In a 43-page whitepaper titled “Blockchain: Unchained?” , Morgan Stanley stated that both investors and regulators view cryptocurrencies as assets than actual currencies. Morgan Stanley ...
In a 43-page whitepaper titled “Blockchain: Unchained?” , Morgan Stanley stated that both investors and regulators view cryptocurrencies as assets than actual currencies.
Morgan Stanley released the whitepaper on Tuesday, however, since the report was not distributed publicly, CCN.com was unable to get it, for now. We’re covering takeaways from it, nonetheless, including Morgan Stanley analysts’ take that bitcoin needs regulation to take off. Meanwhile, the likes of Bloomberg, Business Insider, and Barron’s, analyzed the paper and summarized the most important parts of it.
The analysts, including James Faucette, stated that BTC and other cryptocurrencies, such as Ethereum and Ripple, are more like “investment vehicles” than fiat currencies that people can spend on products and services. Additionally, Morgan Stanley analysts added that bitcoin represents a “marginally more inconvenient way to pay” and there are only a handful or reasons to use the cryptocurrency instead of a credit or debit card. The Morgan Stanley report goes by:
“Most regulators and investors view cryptocurrencies more as assets than actual currencies. Their values are too volatile and too hard to actually use for payment for most to consider them currencies. Our conversations with some merchants indicate that, while cryptocurrencies might actually be attractive for them to operate their businesses, they find that the cryptocurrencies are far too volatile to be used.”
Morgan Stanley reported on both the factors that had driven the value of bitcoin down and up.
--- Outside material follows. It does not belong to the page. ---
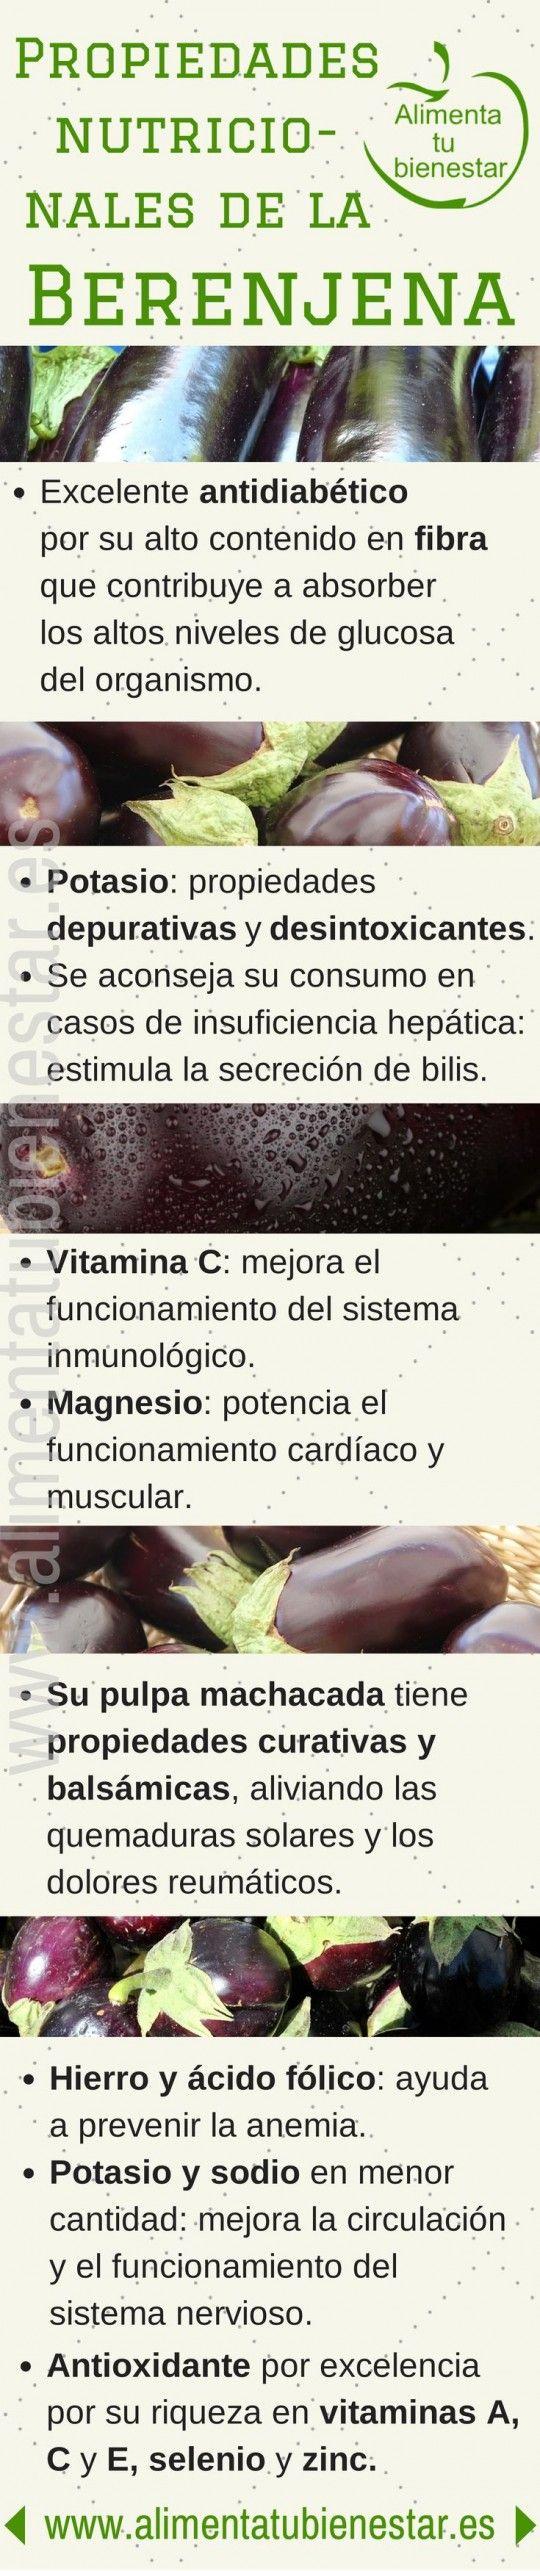 Propiedades nutricionales de las berenjenas   -    Nutritional properties of eggplants

One of the main factors, according to the financial institute, is that the U.S. Securities and Exchange Commission (SEC) rejected the Winklevoss twins’ objective to launch the first-ever bitcoin exchange-traded fund (ETF).
Another reason is the declining trade volume of the cryptocurrency, while the analysts also listed the inspection of China’s Central Bank on bitcoin exchanges in the country (which involved BTCC, OKCoin and Huobi).
Morgan Stanley could only list some “guesses” about the price increase of bitcoin. According to the report, the analysts do not have a clear reason why the cryptocurrency has been on a massive surge.
“It is not clear why cryptocurrencies are appreciating so rapidly (apart from the appreciation itself drawing in more speculation against a potentially inefficent ability to sell),” the bank said in a note.
The financial institute listed three guesses for the increase of bitcoin. The first one is Initial Coin Offerings (ICOs), which are used by some companies to offer investors digital tokens in exchange for cash. Some firms received loads of fundings using ICOs, for example, the Ethereum-based enterprise management platform Aragon raised $25 million in just 15 minutes.
Secondly, the strict limits on the currency outflows in China make bitcoin popular in the country to bypass such limits, according to Morgan Stanley analysts.
Finally, the increased investments in Japan and Korea also contributed to the surge of the cryptocurrency. Morgan Stanley explains the rising investment in Japan by the recent regulations, however, the bank writes that “in Korea, however, there is not a clear explanation for the surge.”